Gaussian process with hierarchical Gaussian process prior

I think multi_normal_cholesky will give you a speed increase. Usually low NeFF is a result of poor specification, though.

Let’s think about HMC for a second. We’re first using gradients to go to an area of high posterior mass WRT the parameters in your model. We could just be searching some tail of the distribution, that, conditioned on your model, is not able to generate samples well, because, well, there’s nothing there.

Regarding GPs - we generate a covariance matrix with respect to parameters, and we approximate distributions for those parameters. Then, we can generate predictive distributions for the for the kernel we have generated. Because you have a covariance matrix, doesn’t always imply gaussian process. You can really look at covariance between anything and define any covariance function, which could be meaningless.

Here, your covariance matrix is fixed: matrix[N,N] A; For a gaussian process, one might define a covariance function like so. This is called the Squared Exponential kernel by the Stan people, and the Radial Basis Function (RBF) by almost everyone else:

k(x, x') = \sigma^2 exp(\frac{d(x, x')}{2l^2})

So at each iteration your covariance matrix is generated WRT parameters, the magnitude sigma^2 and the length scale l. The magnitude controls deviation vertically (for a 1D) GP, and the length scale controls how much each parameter is related “along a certain axis” meaning, x1 and x2. This implementation isn’t really correct I can see in any way.

Another note, prior distributions on the hyperparameters for GPs is still an open problem. Are you sure this is a good idea? I mean, do whatever you want, but your computational issues could be indicating something. I think Andrew has some saying for that somewhere.

Also, deep GPs are “a thing”. Composite functions, essentially.

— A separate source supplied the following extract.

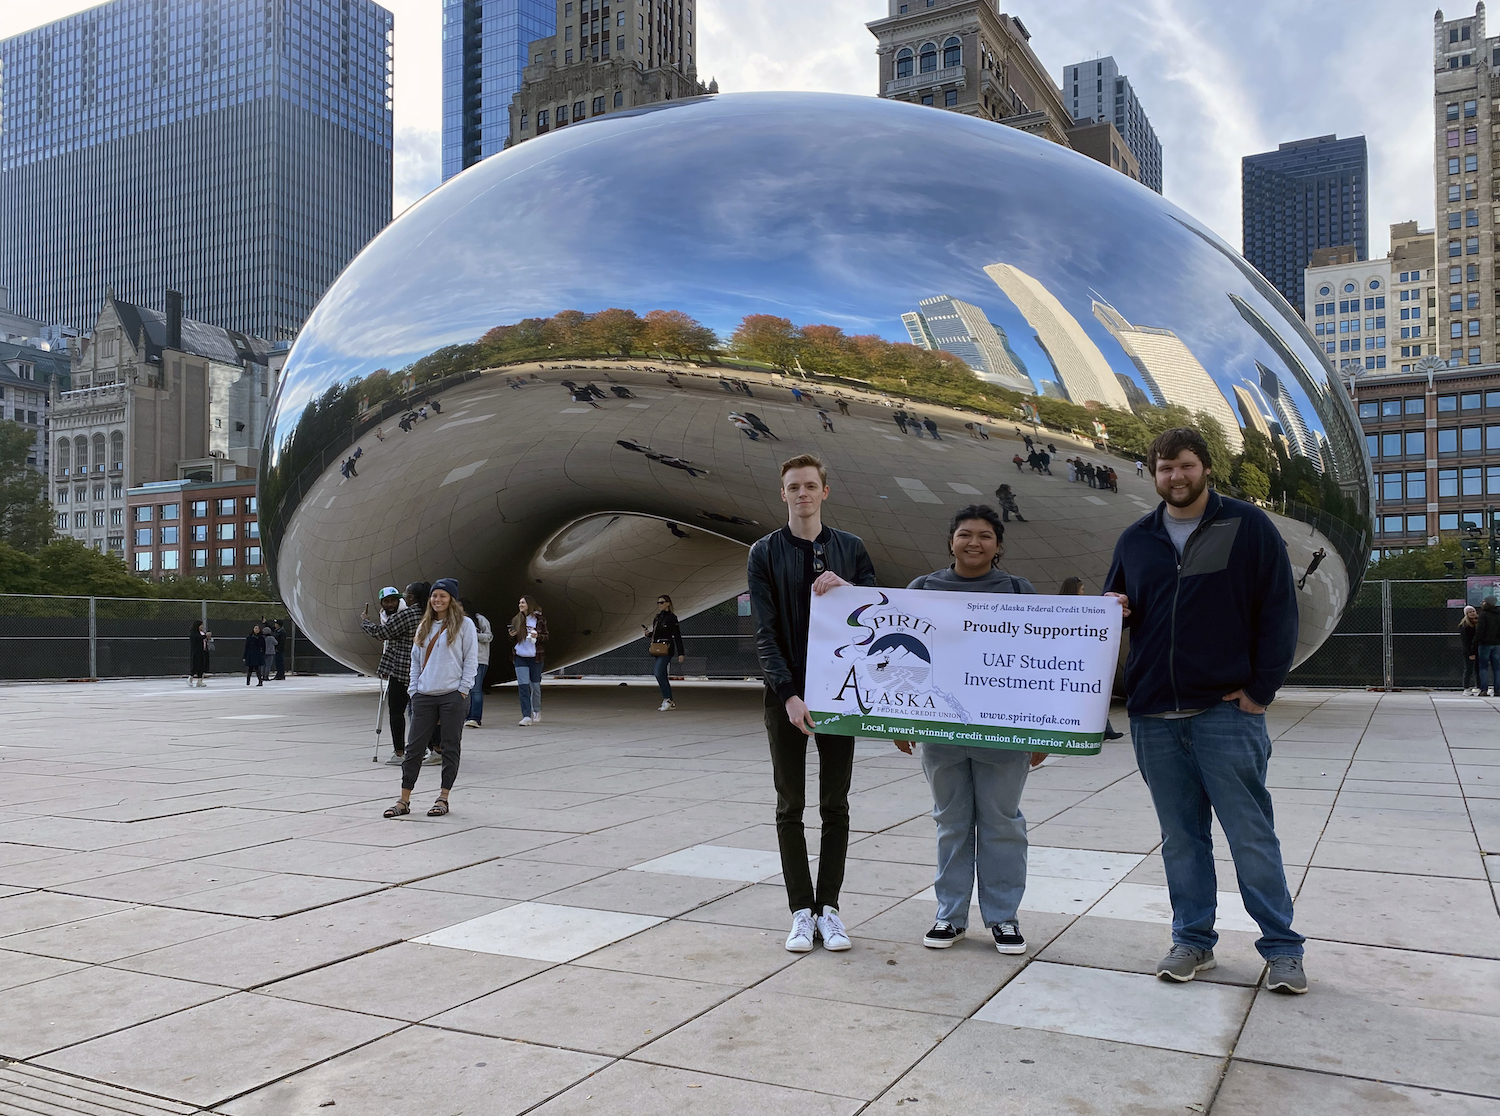 SIF students Nikolai Unruh, Jenifer Garcia and Bryan Sauer visit "The Bean" (Cloud Gate) sculpture during their trip to the 2021 Student Managed Investment Fund Consortium Conference in Chicago, IL
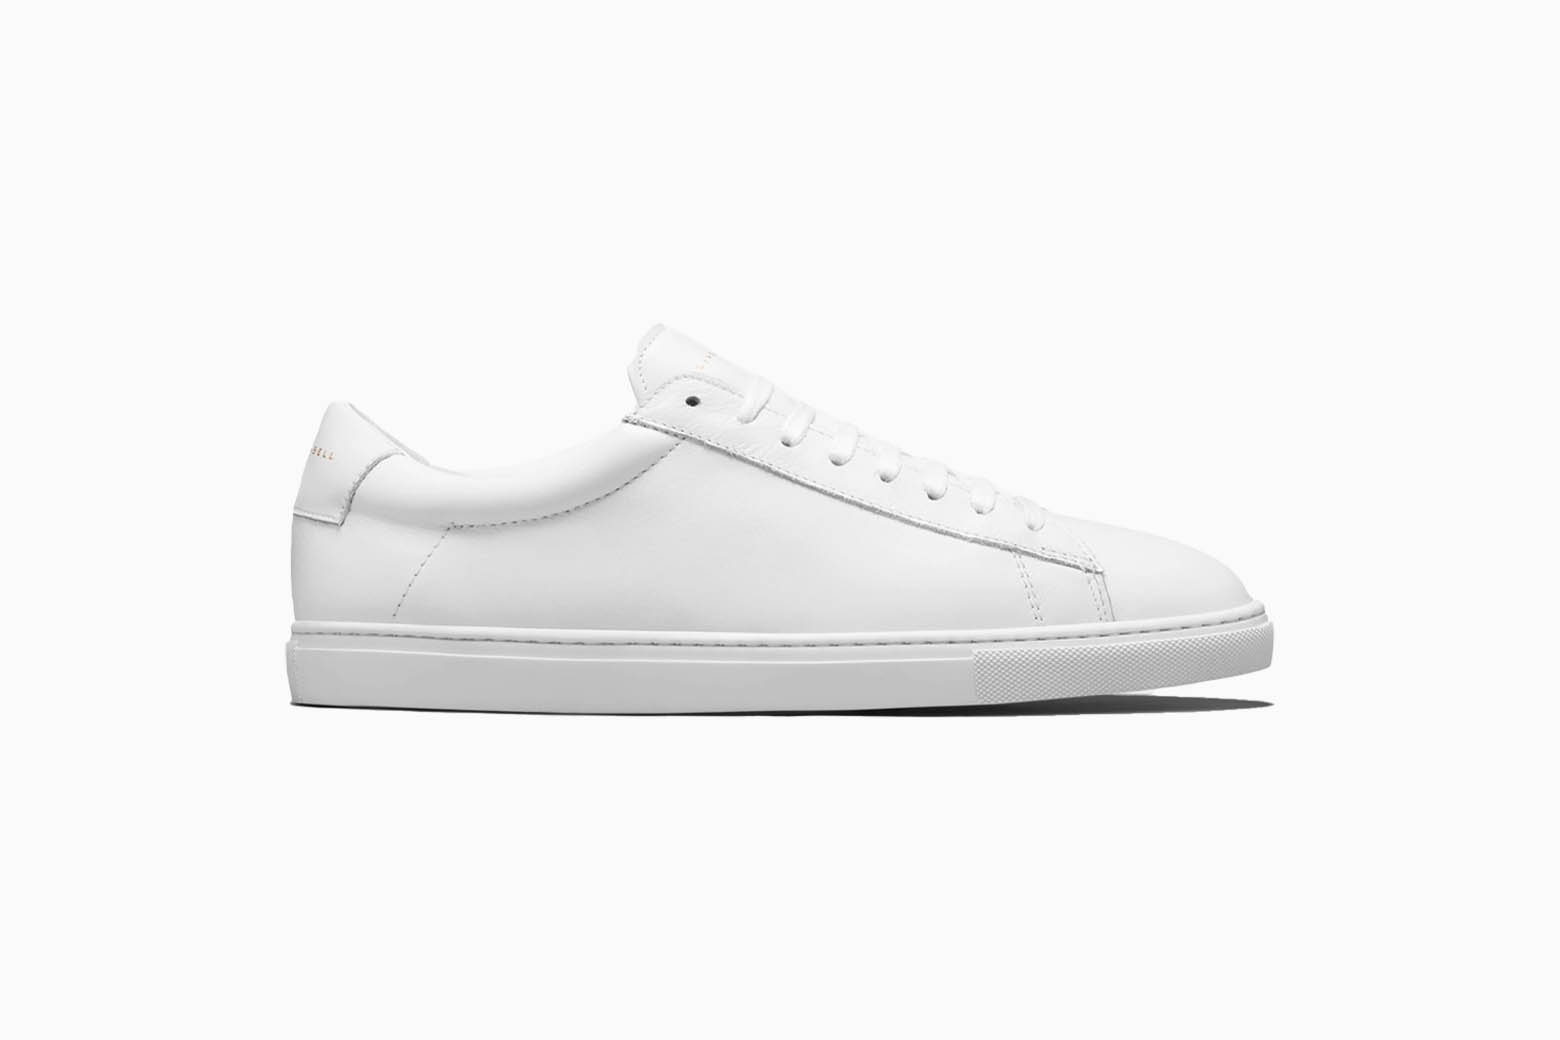 The Best White Sneakers Stylish Women Need Style Guide 5320

With that said, here’s a proper implementation of a gaussian process regression, which can be found in betancourt’s case studies (recommended), among other places.


functions {
  vector gp_pred_rng(vector[] x_pred,
                     vector y1, vector[] x,
                     real magnitude, real length_scale,
                     real sigma) {
    int N = rows(y1);
    int N_pred = size(x_pred);
    vector[N_pred] f2;
    {
      matrix[N, N] K = add_diag(gp_exp_quad_cov(x, magnitude, length_scale),
                                sigma);
      matrix[N, N] L_K = cholesky_decompose(K);
      vector[N] L_K_div_y1 = mdivide_left_tri_low(L_K, y1);
      vector[N] K_div_y1 = mdivide_right_tri_low(L_K_div_y1', L_K)';
      matrix[N, N_pred] k_x_x_pred = gp_exp_quad_cov(x, x_pred, magnitude, length_scale);
      f2 = (k_x_x_pred' * K_div_y1);
    }
    return f2;
  } 
}
data {
  int<lower=1> N;
  int<lower=1> D;
  vector[D] x[N];
  vector[N] y;

  int<lower=1> N_pred;
  vector[D] x_pred[N_pred];
}
transformed data {
  vector[N] mu;
  mu = rep_vector(0, N);
}
parameters {
  real<lower=0> magnitude;
  real<lower=0> length_scale;
  real<lower=0> sig;
  
  real<lower=0> sigma;
}
transformed parameters {
  matrix[N, N] L_K;
  {
    matrix[N, N] K = gp_exp_quad_cov(x, magnitude, length_scale);
    K = add_diag(K, square(sigma));
    L_K = cholesky_decompose(K);
  }
}
model {
  magnitude ~ normal(0, 3);
  length_scale ~ inv_gamma(5, 5);
  sig ~ normal(0, 1);
  
  sigma ~ normal(0, 1);
  
  y ~ multi_normal_cholesky(mu, L_K);
}
generated quantities {
  vector[N_pred] f_pred = gp_pred_rng(x_pred, y, x, magnitude, length_scale, sigma);
  vector[N_pred] y_pred;
  
  for (n in 1:N_pred) y_pred[n] = normal_rng(f_pred[n], sigma);
}

Also, here’s a shameless plug for GPs, one of my many unfinished projects:

Reading this should help with what you’re actually modeling a bit.

Hope this helps!

EDIT: on another note, I was playing with GPs with different noises the other day and HMC/Stan had a lot of trouble with identifiability and some divergences. Terrible posterior geometry.